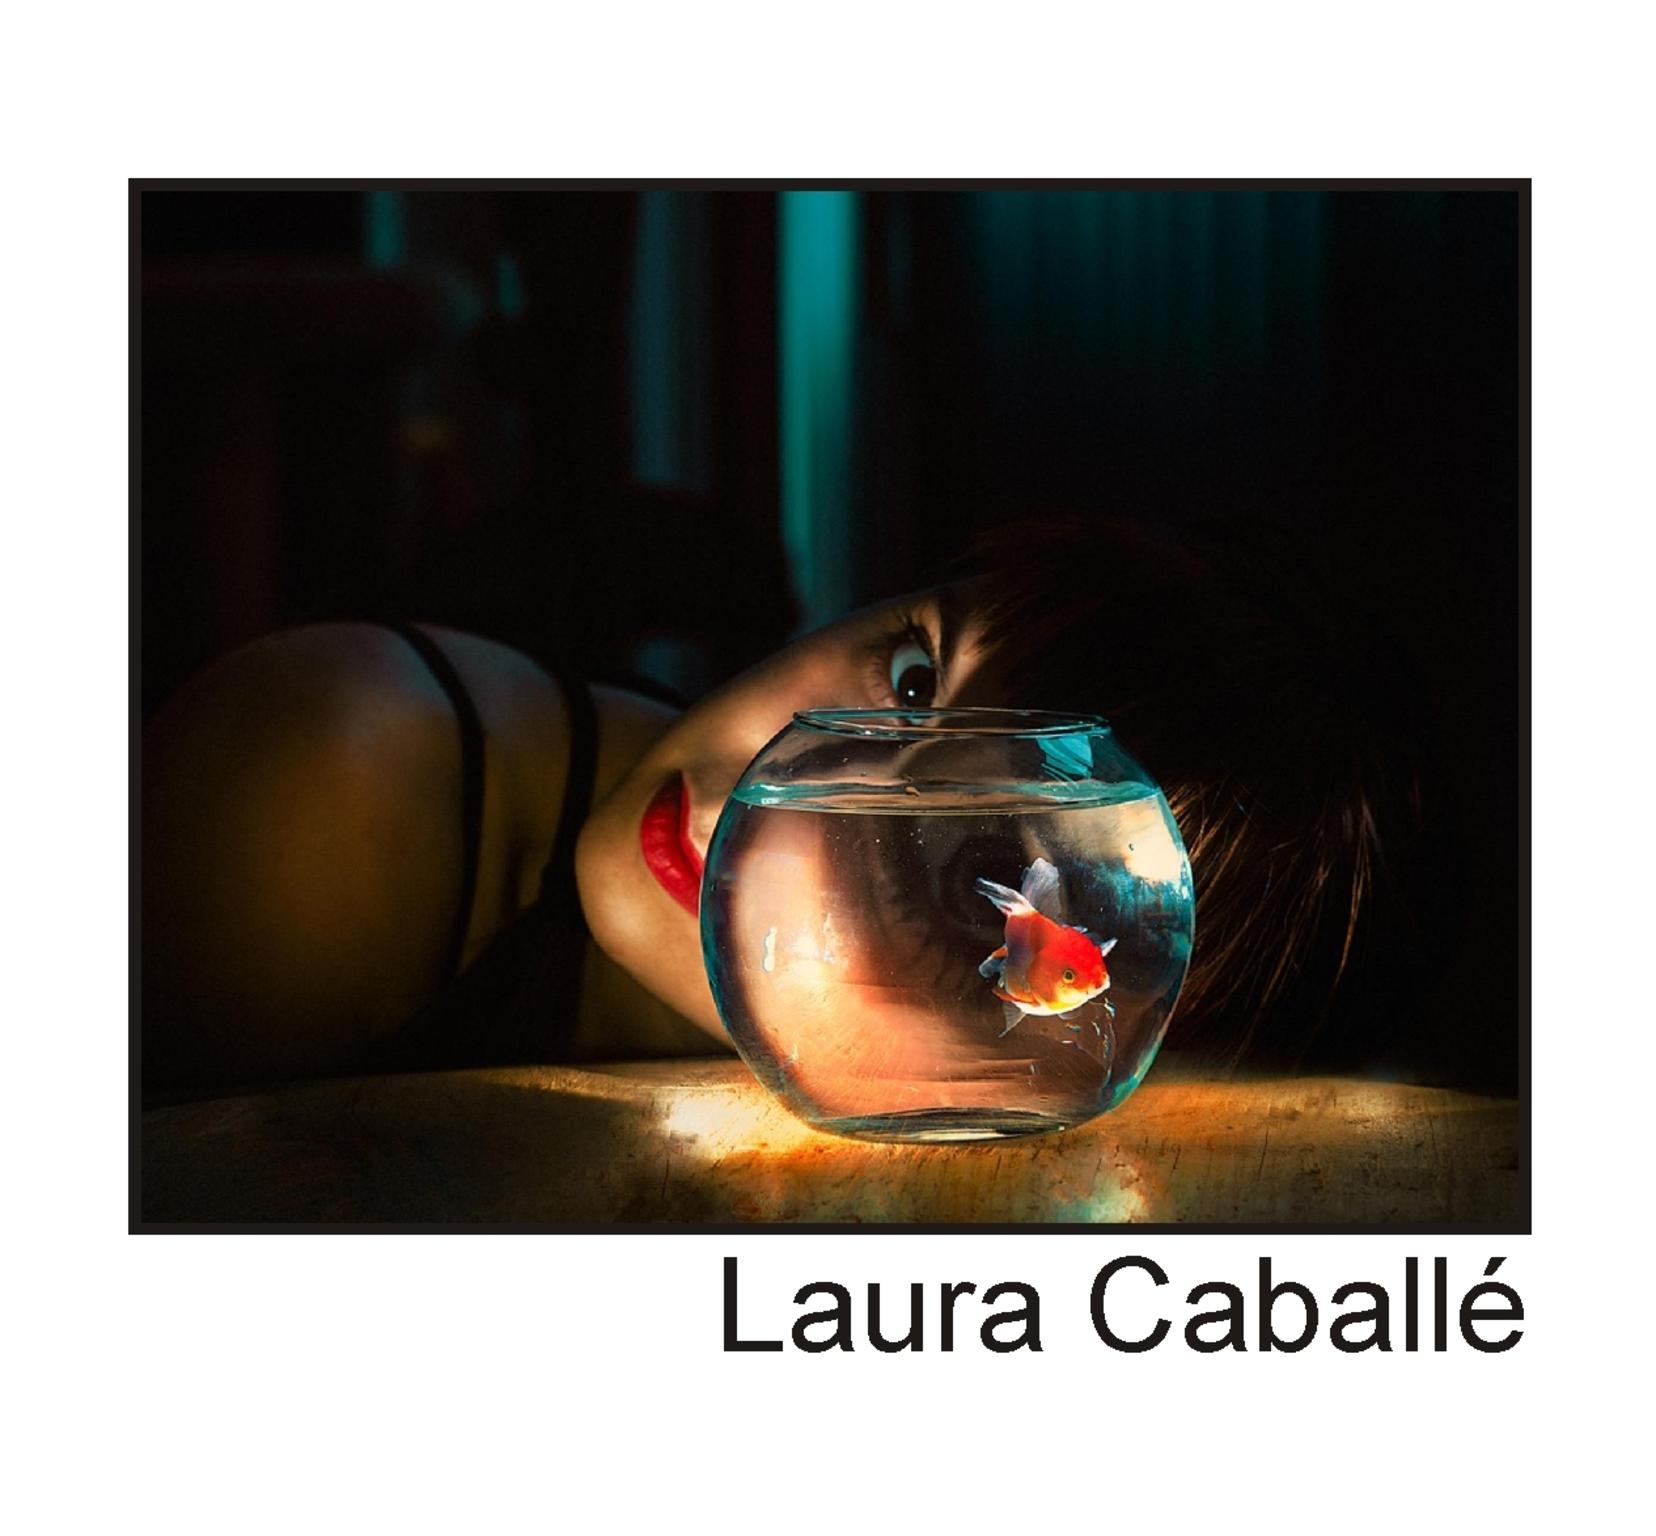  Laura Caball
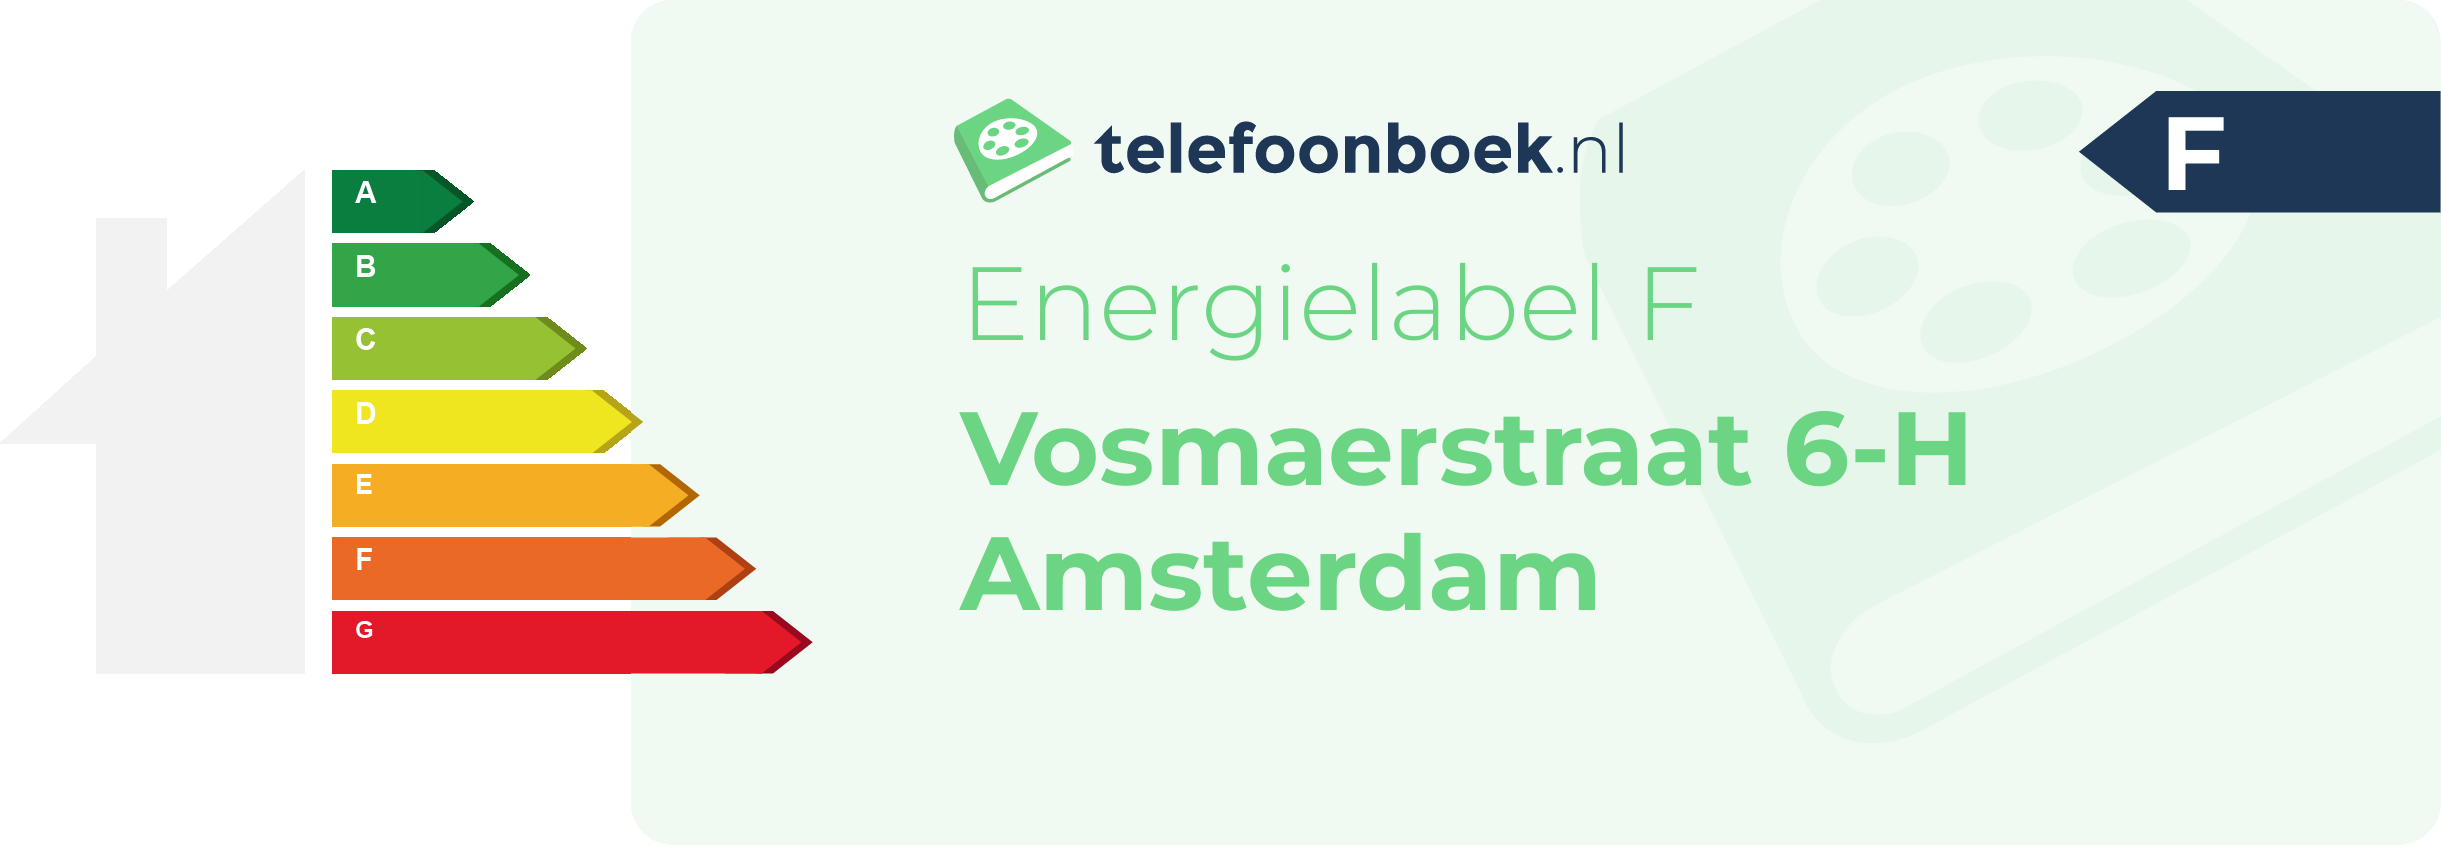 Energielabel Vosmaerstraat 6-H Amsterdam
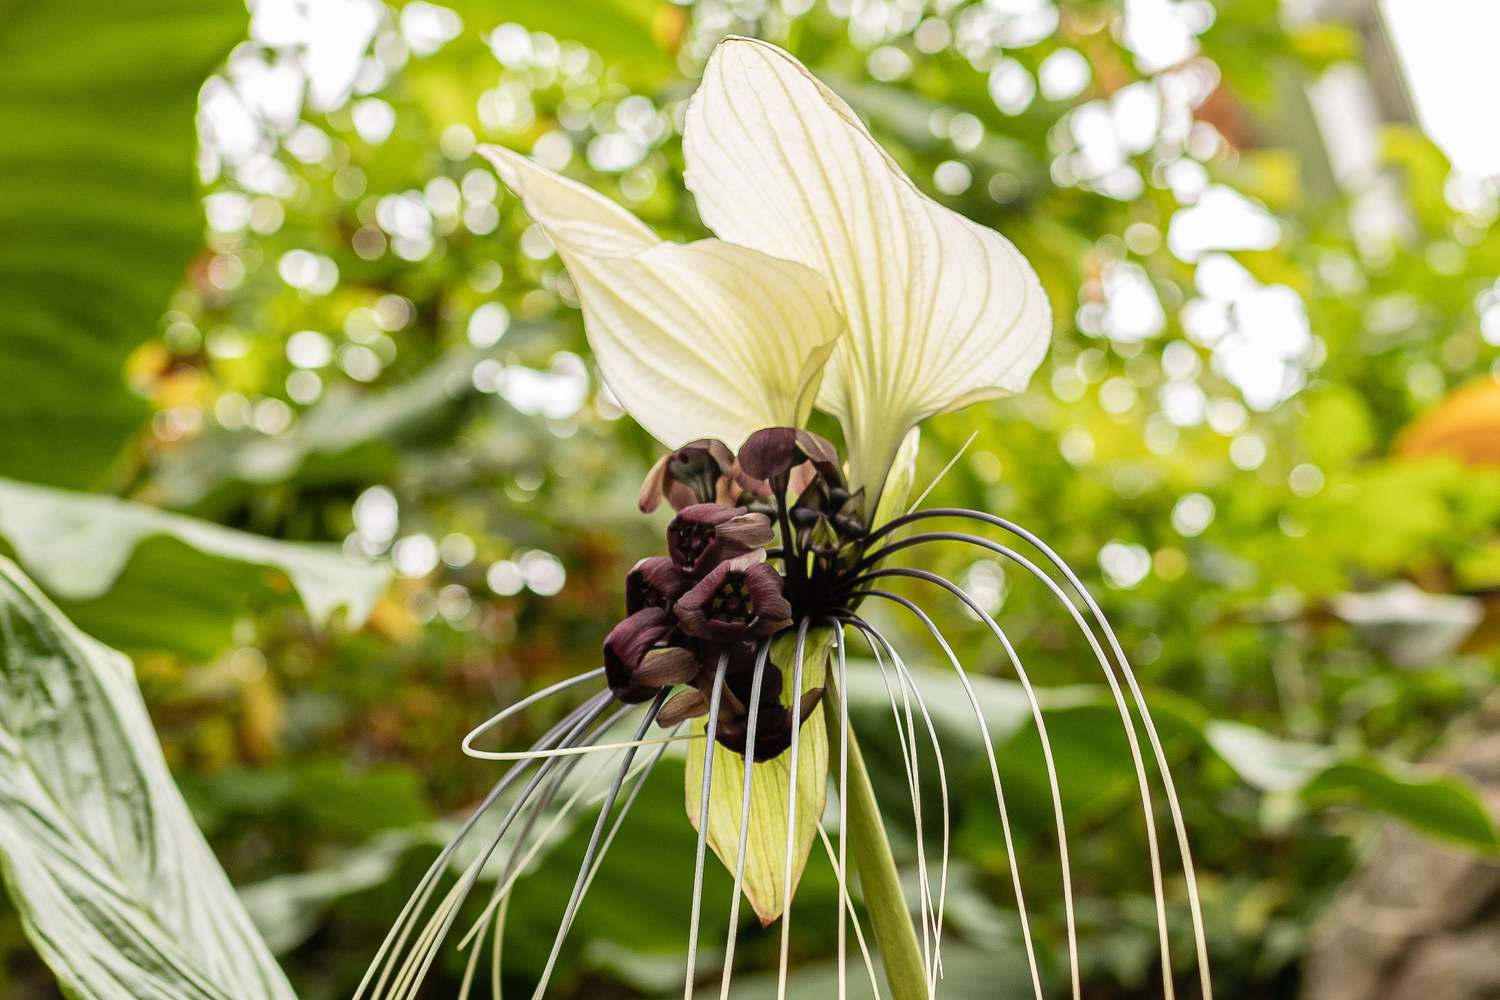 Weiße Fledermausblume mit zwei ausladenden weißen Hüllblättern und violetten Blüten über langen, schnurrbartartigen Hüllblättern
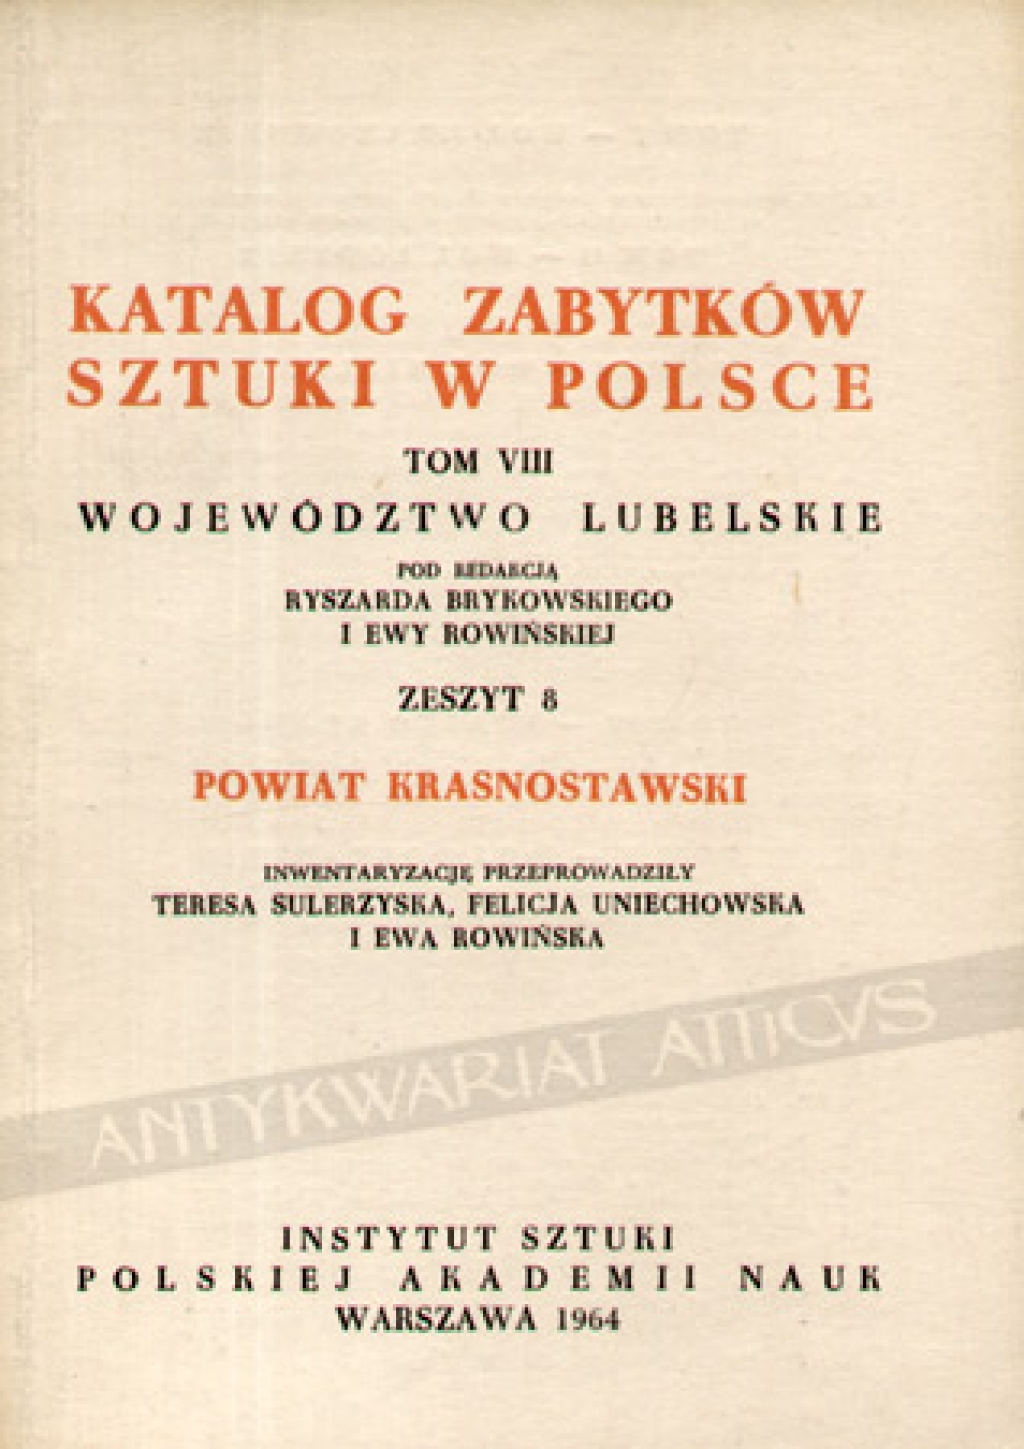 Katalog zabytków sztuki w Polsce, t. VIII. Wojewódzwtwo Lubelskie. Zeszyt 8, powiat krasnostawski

--- --- ---

Task brief: Return every line of the listing exactly, leaving its pictures behind.

Solution to this task:
  Laura Caball
 Energielabel Vosmaerstraat 6-H Amsterdam
 Weiße Fledermausblume mit zwei ausladenden weißen Hüllblättern und violetten Blüten über langen, schnurrbartartigen Hüllblättern
 Katalog zabytków sztuki w Polsce, t. VIII. Wojewódzwtwo Lubelskie. Zeszyt 8, powiat krasnostawski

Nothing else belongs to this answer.